Today we write with a heavy heart about what has come to be known as the Toronto Carnival. As mas’ aficionados look forward with great anticipation to the 50th anniversary of the festival next summer, the scenario now being played out by some aspirants for leadership in the running of the extravaganza is not a pretty one.
Confusion reigns within what might be described as the carnival fraternity as emails and petitions fly through cyberspace to land among interested parties who are now not sure who will run the festival. – or indeed. who should run it.
Will the Festival Management Committee (FMC) continue to run the Carnival as it has been doing for the last ten years? And what about the Caribana Arts Group (CAG) whose leadership has remained mum so far about its plans for the 50th anniversary celebrations? Will the CAG join with the FMC, as some has suggested ?

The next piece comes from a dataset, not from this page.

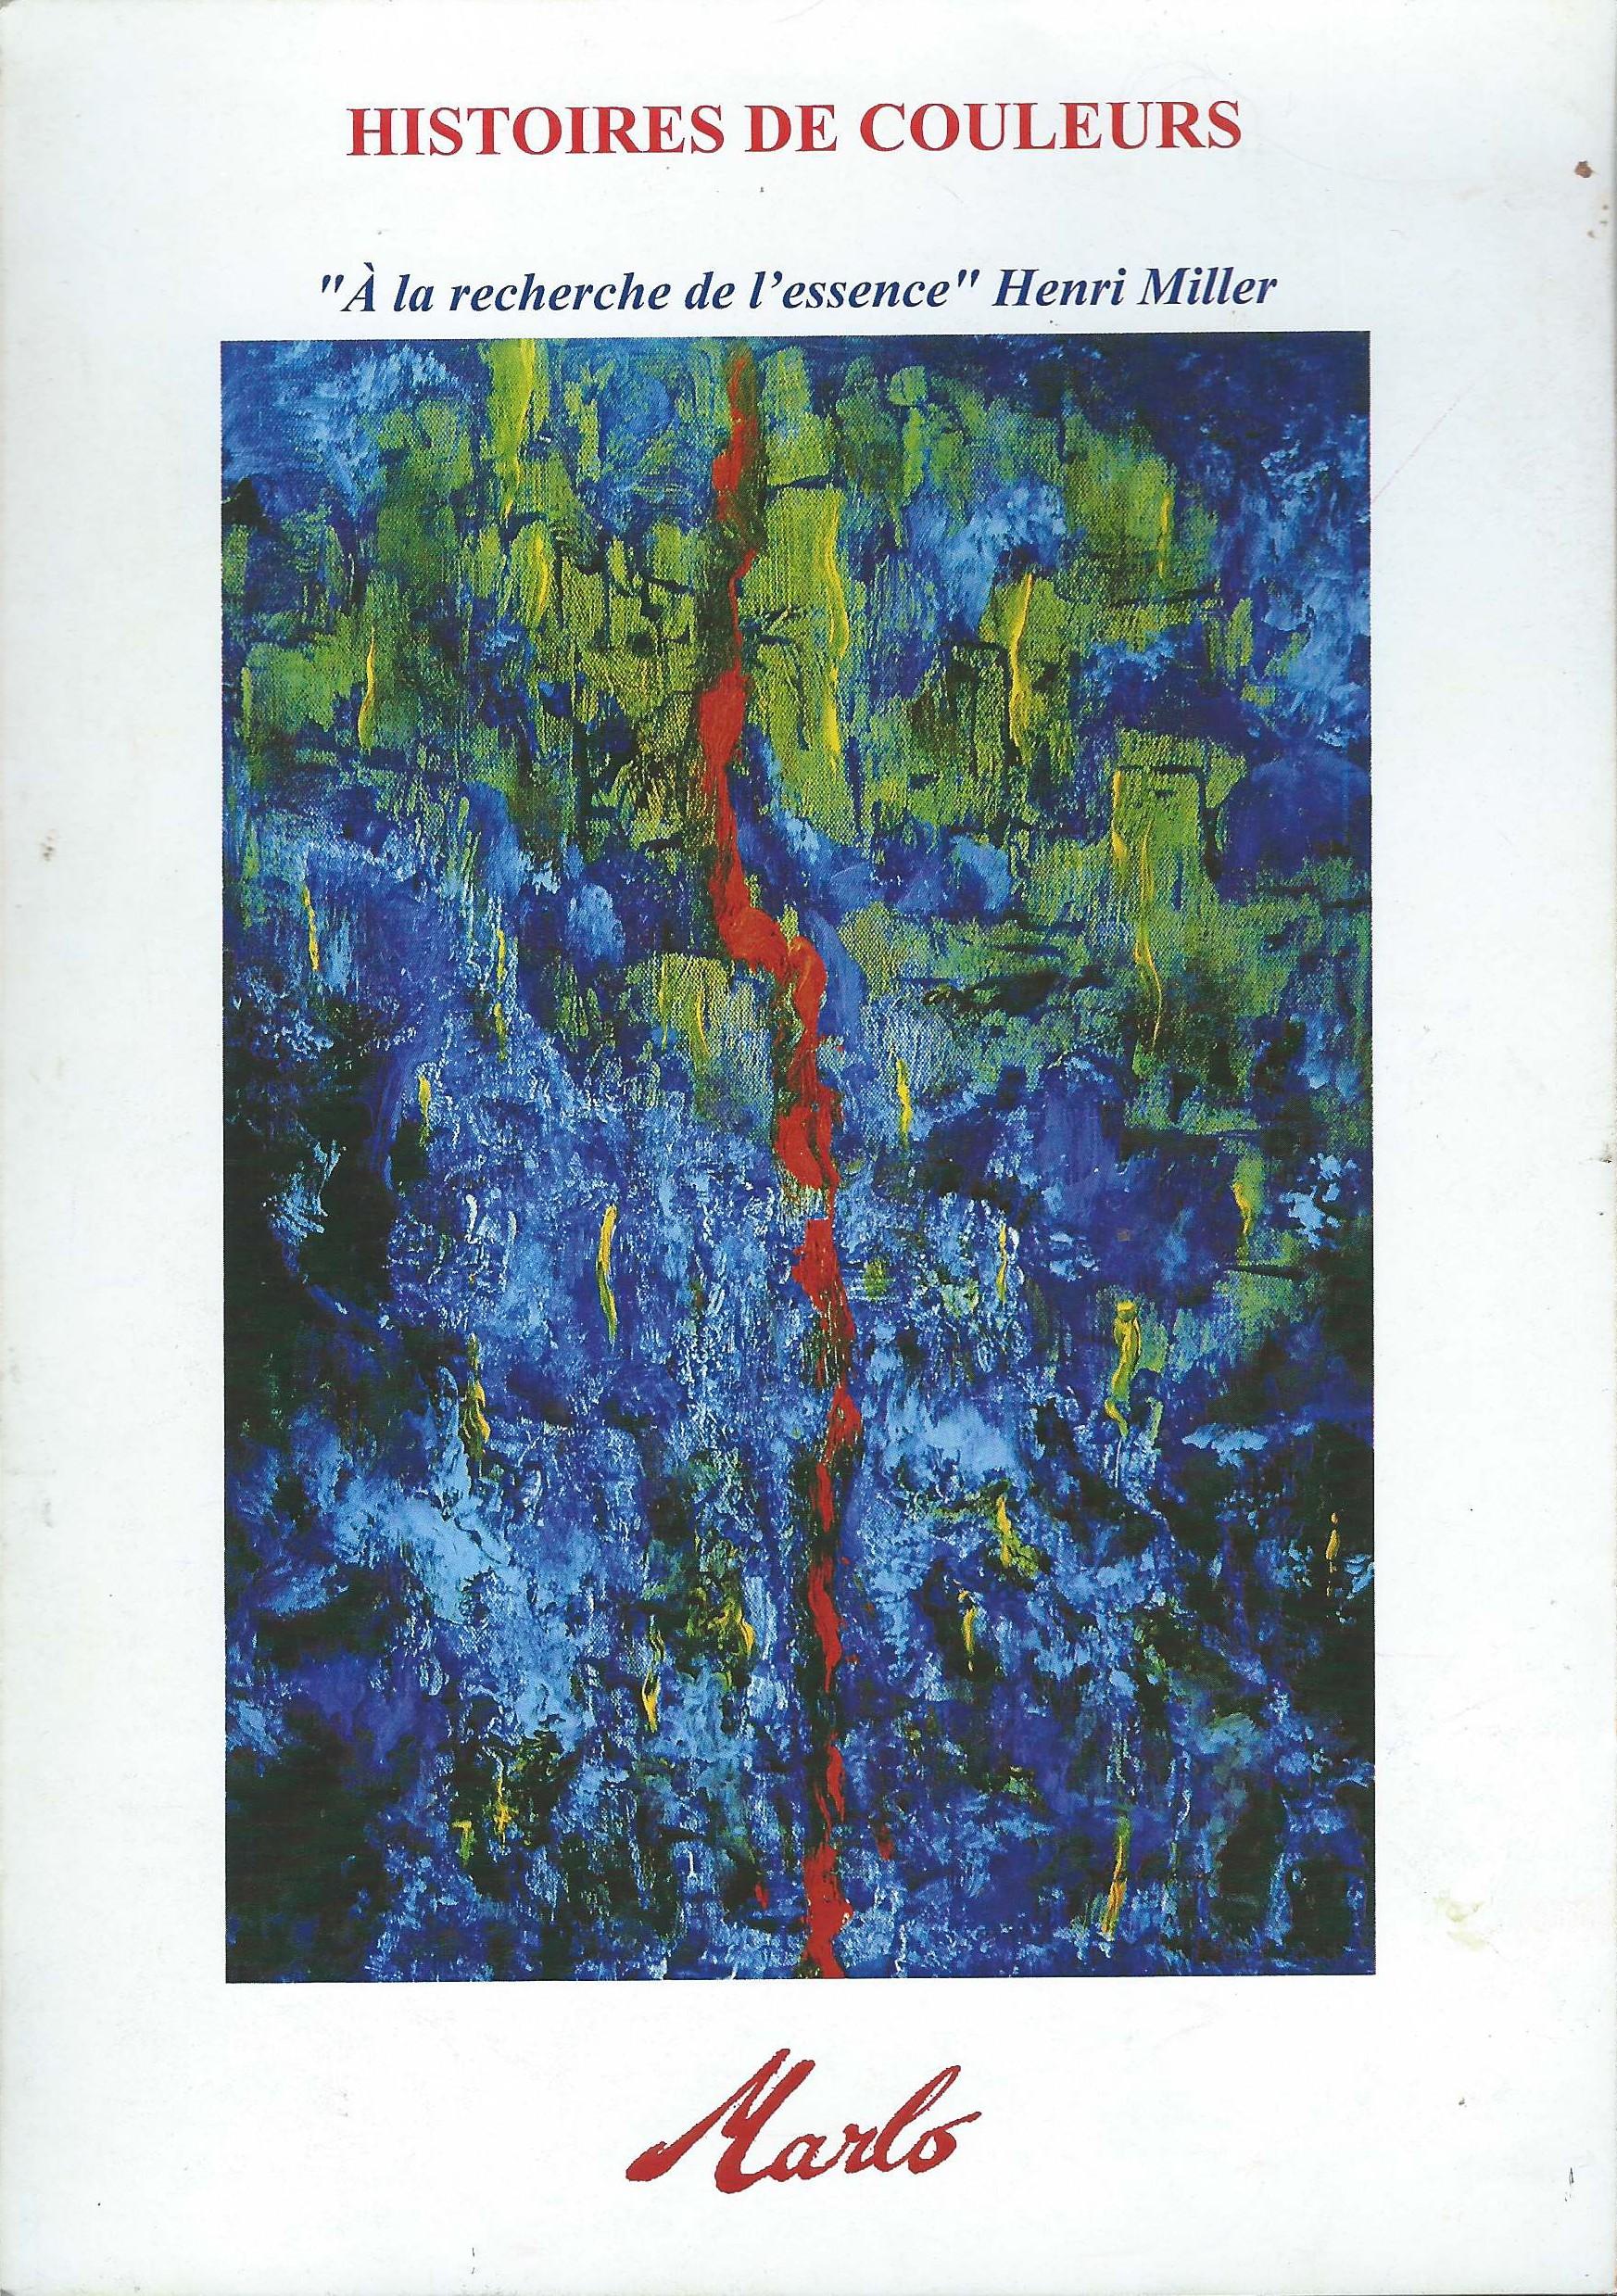 Invitation-Galerie-S.M.A.-Carouge-Genève.-27.03-24.05.2015-1

With less than a year before Toronto Carnival 2017 hits the road, there continues to be a great deal of uncertainty about which way the festival is heading. This does not augur well for a cultural event which appeared to have had a great future and which was described as the largest festival of its kind in North America.
Clearly, the current management of the festival leaves much to be desired. The festival was modelled after the Trinidad carnival but has lost its way and the spirit of mas’ as a people’s event which existed in the days of Caribana is fast disappearing. What is clearly needed is someone skilled in the carnival arts with management ability who can revive the wilting spirit of the festival and return it to its pristine glory.

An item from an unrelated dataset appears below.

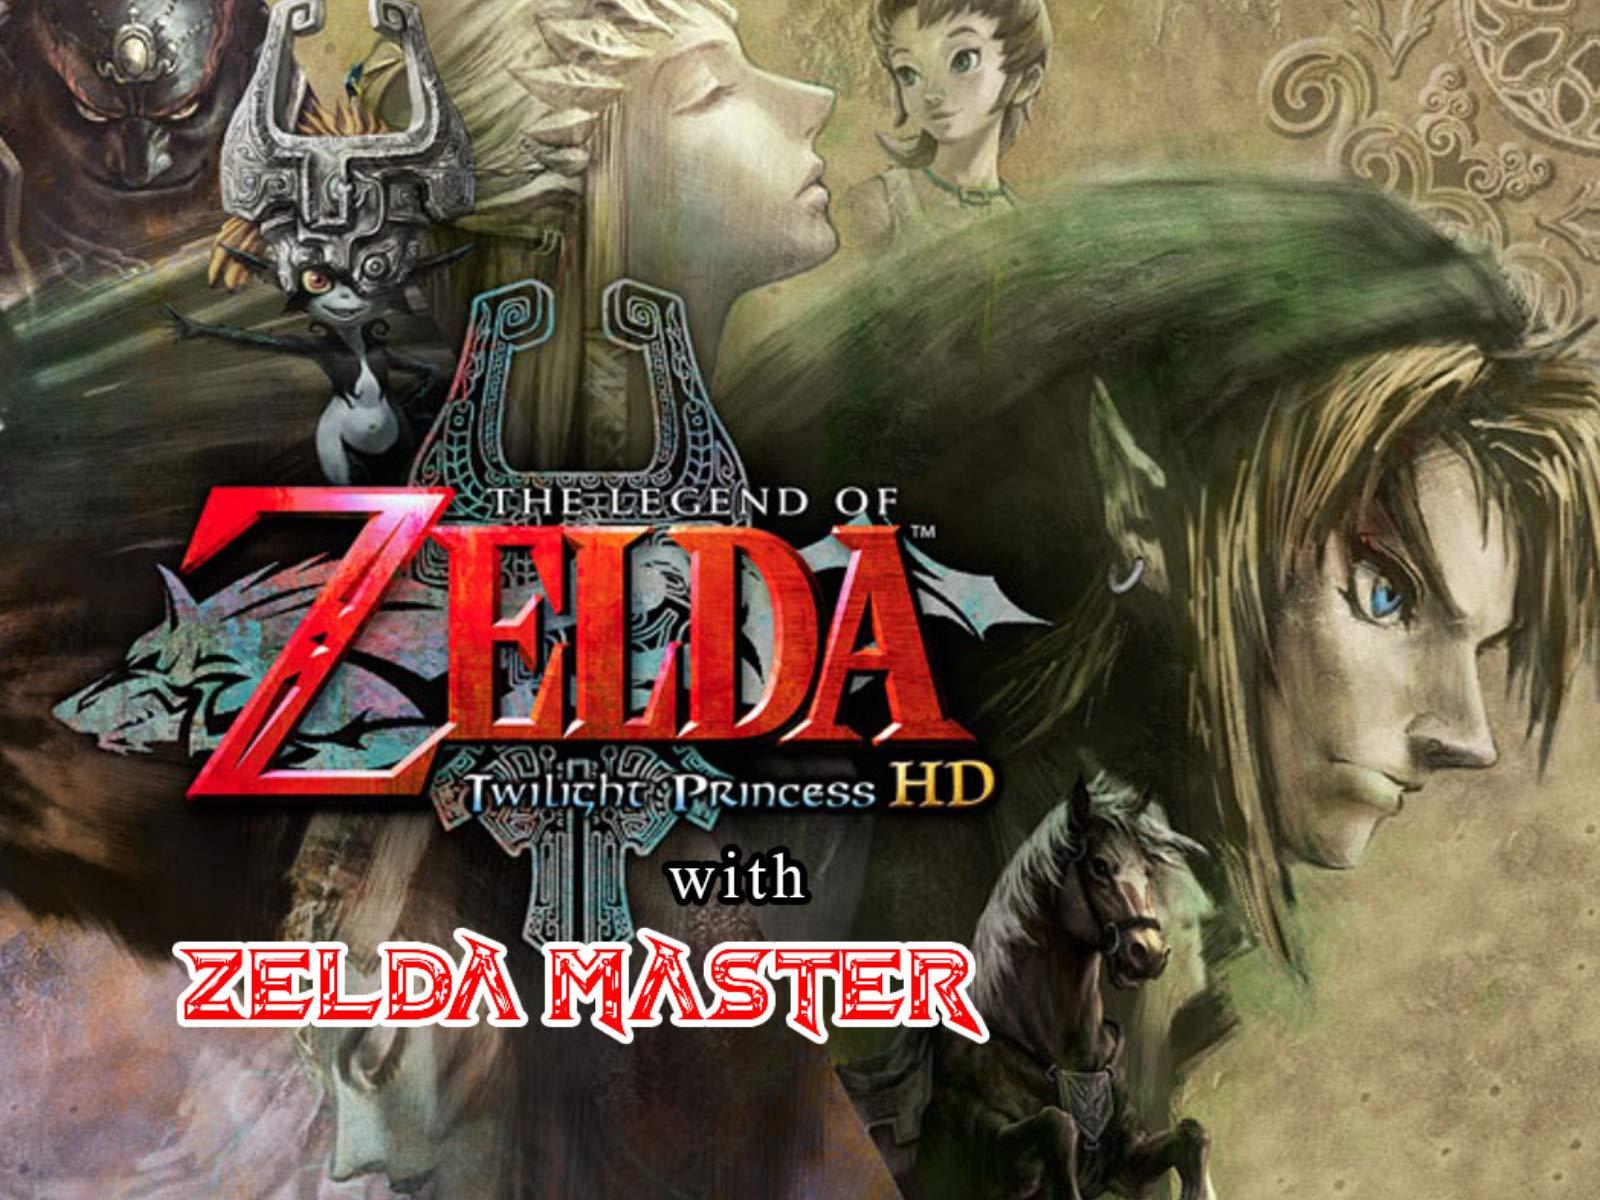 Legend of zelda twilight princess star game part 2 salento igt primitivo

There is, of course, the cynical view that the Toronto carnival is nothing more than an annual “jump up” that puts money in the pockets of various businesses in the city. As for the costumed revellers themselves, many of them have no interest whatsoever in who’s running the festival. Just put on the mas’ and they will jump.
It is clear that over the many years that the Toronto carnival has been in existence, the band leaders, without whom there would be no carnival, has shown no ability or serious interest in running the festival. Bending wire? Yes. Running the festival? Nah.
So what we are now noticing are some “carnival politicians” who, like crabs in a barrel, see an opportunity to promote themselves as community leaders and eventually take over from an elected body whose legitimate aims are to reclaim community ownership of the festival. Some of these aspirants to ” carnival power” to which we are referring, have no qualms about ” playing the race card” to try and achieve their objectives. In their cyber messages, they claim that the carnival is a Black or African event and make insulting remarks about some of the people who are quietly working towards the goal of community ownership of the festival but are not Black.
Some of these aspirants to “carnival power” express fears of losing their legacy.
What legacy? A legacy of confusion? A legacy of black-on-black battles within the old Caribbean Cultural Committee (CCC) which ran Caribana? A legacy of lack of accountability?
In the early days of the CCC there was talk about Caribana having its own cultural centre and about scholarships which the organization would provide to young people in the community. Wonderful ideas. What happened? No cultural centre and no scholarships under the ” leadership” of the CCC. In fact the organization often had problems paying its bills. Ask the carnival bandleaders about the money problems in the organization.
It comes as no surprise, therefore, that running of the festival is no longer in the hands of what was known as the CCC.
Looking forward, we can only hope that well-intentioned people in the Caribbean community, regardless of skin colour, will work together to rescue the festival and make it an event of which we can all be proud once more.
To achieve this calls for proper management which is lacking at the festival.